__Dataset content__
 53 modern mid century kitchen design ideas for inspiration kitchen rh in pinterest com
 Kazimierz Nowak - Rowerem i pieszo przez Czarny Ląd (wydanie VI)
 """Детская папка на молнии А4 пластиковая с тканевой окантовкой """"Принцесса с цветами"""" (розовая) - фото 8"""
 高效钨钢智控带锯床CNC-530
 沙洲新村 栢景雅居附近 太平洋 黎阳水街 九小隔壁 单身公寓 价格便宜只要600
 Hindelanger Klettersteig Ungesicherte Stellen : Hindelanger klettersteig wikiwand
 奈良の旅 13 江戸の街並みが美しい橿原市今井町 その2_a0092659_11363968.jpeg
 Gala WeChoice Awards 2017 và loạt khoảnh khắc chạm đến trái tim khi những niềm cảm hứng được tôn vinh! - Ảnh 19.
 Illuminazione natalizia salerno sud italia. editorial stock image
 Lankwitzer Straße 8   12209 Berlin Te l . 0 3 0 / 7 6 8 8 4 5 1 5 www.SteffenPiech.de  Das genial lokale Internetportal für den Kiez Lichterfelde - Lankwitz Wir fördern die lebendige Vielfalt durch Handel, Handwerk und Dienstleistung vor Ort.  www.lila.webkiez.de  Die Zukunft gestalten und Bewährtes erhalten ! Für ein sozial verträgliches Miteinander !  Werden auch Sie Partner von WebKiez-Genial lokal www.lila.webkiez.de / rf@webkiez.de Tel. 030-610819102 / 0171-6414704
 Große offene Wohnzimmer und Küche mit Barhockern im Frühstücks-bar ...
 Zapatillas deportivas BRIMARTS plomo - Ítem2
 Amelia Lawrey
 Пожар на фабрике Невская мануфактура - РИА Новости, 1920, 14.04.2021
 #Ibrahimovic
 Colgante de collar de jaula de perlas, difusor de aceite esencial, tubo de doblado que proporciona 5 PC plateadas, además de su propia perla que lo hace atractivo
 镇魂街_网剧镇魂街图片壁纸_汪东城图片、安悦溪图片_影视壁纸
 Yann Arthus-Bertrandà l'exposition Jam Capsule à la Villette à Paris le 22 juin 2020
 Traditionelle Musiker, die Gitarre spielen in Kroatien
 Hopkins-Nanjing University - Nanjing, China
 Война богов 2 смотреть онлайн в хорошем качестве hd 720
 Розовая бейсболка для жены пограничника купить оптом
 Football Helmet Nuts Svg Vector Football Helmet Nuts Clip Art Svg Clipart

__The problem__
Could you retype the whole listing above without altering a word?

__Answer for this exercise__
 53 modern mid century kitchen design ideas for inspiration kitchen rh in pinterest com
 Kazimierz Nowak - Rowerem i pieszo przez Czarny Ląd (wydanie VI)
 """Детская папка на молнии А4 пластиковая с тканевой окантовкой """"Принцесса с цветами"""" (розовая) - фото 8"""
 高效钨钢智控带锯床CNC-530
 沙洲新村 栢景雅居附近 太平洋 黎阳水街 九小隔壁 单身公寓 价格便宜只要600
 Hindelanger Klettersteig Ungesicherte Stellen : Hindelanger klettersteig wikiwand
 奈良の旅 13 江戸の街並みが美しい橿原市今井町 その2_a0092659_11363968.jpeg
 Gala WeChoice Awards 2017 và loạt khoảnh khắc chạm đến trái tim khi những niềm cảm hứng được tôn vinh! - Ảnh 19.
 Illuminazione natalizia salerno sud italia. editorial stock image
 Lankwitzer Straße 8   12209 Berlin Te l . 0 3 0 / 7 6 8 8 4 5 1 5 www.SteffenPiech.de  Das genial lokale Internetportal für den Kiez Lichterfelde - Lankwitz Wir fördern die lebendige Vielfalt durch Handel, Handwerk und Dienstleistung vor Ort.  www.lila.webkiez.de  Die Zukunft gestalten und Bewährtes erhalten ! Für ein sozial verträgliches Miteinander !  Werden auch Sie Partner von WebKiez-Genial lokal www.lila.webkiez.de / rf@webkiez.de Tel. 030-610819102 / 0171-6414704
 Große offene Wohnzimmer und Küche mit Barhockern im Frühstücks-bar ...
 Zapatillas deportivas BRIMARTS plomo - Ítem2
 Amelia Lawrey
 Пожар на фабрике Невская мануфактура - РИА Новости, 1920, 14.04.2021
 #Ibrahimovic
 Colgante de collar de jaula de perlas, difusor de aceite esencial, tubo de doblado que proporciona 5 PC plateadas, además de su propia perla que lo hace atractivo
 镇魂街_网剧镇魂街图片壁纸_汪东城图片、安悦溪图片_影视壁纸
 Yann Arthus-Bertrandà l'exposition Jam Capsule à la Villette à Paris le 22 juin 2020
 Traditionelle Musiker, die Gitarre spielen in Kroatien
 Hopkins-Nanjing University - Nanjing, China
 Война богов 2 смотреть онлайн в хорошем качестве hd 720
 Розовая бейсболка для жены пограничника купить оптом
 Football Helmet Nuts Svg Vector Football Helmet Nuts Clip Art Svg Clipart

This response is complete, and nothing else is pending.